* Work request: Please repeat each entry. Match every word exactly.

(Records from a collection)
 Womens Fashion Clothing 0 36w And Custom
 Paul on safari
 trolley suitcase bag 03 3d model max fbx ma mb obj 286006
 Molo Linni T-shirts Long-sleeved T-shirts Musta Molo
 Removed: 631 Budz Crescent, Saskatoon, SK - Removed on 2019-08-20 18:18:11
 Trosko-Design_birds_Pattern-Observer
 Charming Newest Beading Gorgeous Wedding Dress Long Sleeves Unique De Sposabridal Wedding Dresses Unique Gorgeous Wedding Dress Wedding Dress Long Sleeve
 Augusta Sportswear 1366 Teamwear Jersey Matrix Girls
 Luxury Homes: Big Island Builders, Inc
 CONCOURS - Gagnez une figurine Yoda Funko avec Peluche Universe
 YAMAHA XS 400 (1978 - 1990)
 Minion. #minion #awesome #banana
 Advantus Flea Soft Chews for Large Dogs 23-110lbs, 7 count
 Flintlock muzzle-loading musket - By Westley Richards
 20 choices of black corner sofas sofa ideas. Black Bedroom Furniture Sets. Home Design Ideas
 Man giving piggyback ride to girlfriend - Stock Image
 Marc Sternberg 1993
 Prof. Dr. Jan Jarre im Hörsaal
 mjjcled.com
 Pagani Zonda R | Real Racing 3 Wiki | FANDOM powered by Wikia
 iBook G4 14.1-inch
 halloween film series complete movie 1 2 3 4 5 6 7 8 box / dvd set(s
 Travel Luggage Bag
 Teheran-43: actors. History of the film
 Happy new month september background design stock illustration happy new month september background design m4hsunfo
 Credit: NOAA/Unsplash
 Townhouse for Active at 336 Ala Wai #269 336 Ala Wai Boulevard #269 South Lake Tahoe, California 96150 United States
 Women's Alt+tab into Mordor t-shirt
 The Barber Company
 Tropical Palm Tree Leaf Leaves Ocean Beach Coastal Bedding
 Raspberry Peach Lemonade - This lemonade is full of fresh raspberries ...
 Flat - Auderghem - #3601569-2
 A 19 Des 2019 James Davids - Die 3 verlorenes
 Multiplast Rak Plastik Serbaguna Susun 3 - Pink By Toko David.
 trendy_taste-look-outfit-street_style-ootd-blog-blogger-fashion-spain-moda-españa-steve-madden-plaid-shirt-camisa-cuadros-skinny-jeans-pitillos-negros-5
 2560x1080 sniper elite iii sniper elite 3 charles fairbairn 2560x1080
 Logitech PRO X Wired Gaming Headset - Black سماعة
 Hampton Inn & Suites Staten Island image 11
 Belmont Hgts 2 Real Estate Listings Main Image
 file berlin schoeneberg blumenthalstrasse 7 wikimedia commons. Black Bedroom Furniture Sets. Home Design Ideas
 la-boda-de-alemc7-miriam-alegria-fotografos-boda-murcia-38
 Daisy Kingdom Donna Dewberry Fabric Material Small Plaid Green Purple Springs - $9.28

* Written solution:
 Womens Fashion Clothing 0 36w And Custom
 Paul on safari
 trolley suitcase bag 03 3d model max fbx ma mb obj 286006
 Molo Linni T-shirts Long-sleeved T-shirts Musta Molo
 Removed: 631 Budz Crescent, Saskatoon, SK - Removed on 2019-08-20 18:18:11
 Trosko-Design_birds_Pattern-Observer
 Charming Newest Beading Gorgeous Wedding Dress Long Sleeves Unique De Sposabridal Wedding Dresses Unique Gorgeous Wedding Dress Wedding Dress Long Sleeve
 Augusta Sportswear 1366 Teamwear Jersey Matrix Girls
 Luxury Homes: Big Island Builders, Inc
 CONCOURS - Gagnez une figurine Yoda Funko avec Peluche Universe
 YAMAHA XS 400 (1978 - 1990)
 Minion. #minion #awesome #banana
 Advantus Flea Soft Chews for Large Dogs 23-110lbs, 7 count
 Flintlock muzzle-loading musket - By Westley Richards
 20 choices of black corner sofas sofa ideas. Black Bedroom Furniture Sets. Home Design Ideas
 Man giving piggyback ride to girlfriend - Stock Image
 Marc Sternberg 1993
 Prof. Dr. Jan Jarre im Hörsaal
 mjjcled.com
 Pagani Zonda R | Real Racing 3 Wiki | FANDOM powered by Wikia
 iBook G4 14.1-inch
 halloween film series complete movie 1 2 3 4 5 6 7 8 box / dvd set(s
 Travel Luggage Bag
 Teheran-43: actors. History of the film
 Happy new month september background design stock illustration happy new month september background design m4hsunfo
 Credit: NOAA/Unsplash
 Townhouse for Active at 336 Ala Wai #269 336 Ala Wai Boulevard #269 South Lake Tahoe, California 96150 United States
 Women's Alt+tab into Mordor t-shirt
 The Barber Company
 Tropical Palm Tree Leaf Leaves Ocean Beach Coastal Bedding
 Raspberry Peach Lemonade - This lemonade is full of fresh raspberries ...
 Flat - Auderghem - #3601569-2
 A 19 Des 2019 James Davids - Die 3 verlorenes
 Multiplast Rak Plastik Serbaguna Susun 3 - Pink By Toko David.
 trendy_taste-look-outfit-street_style-ootd-blog-blogger-fashion-spain-moda-españa-steve-madden-plaid-shirt-camisa-cuadros-skinny-jeans-pitillos-negros-5
 2560x1080 sniper elite iii sniper elite 3 charles fairbairn 2560x1080
 Logitech PRO X Wired Gaming Headset - Black سماعة
 Hampton Inn & Suites Staten Island image 11
 Belmont Hgts 2 Real Estate Listings Main Image
 file berlin schoeneberg blumenthalstrasse 7 wikimedia commons. Black Bedroom Furniture Sets. Home Design Ideas
 la-boda-de-alemc7-miriam-alegria-fotografos-boda-murcia-38
 Daisy Kingdom Donna Dewberry Fabric Material Small Plaid Green Purple Springs - $9.28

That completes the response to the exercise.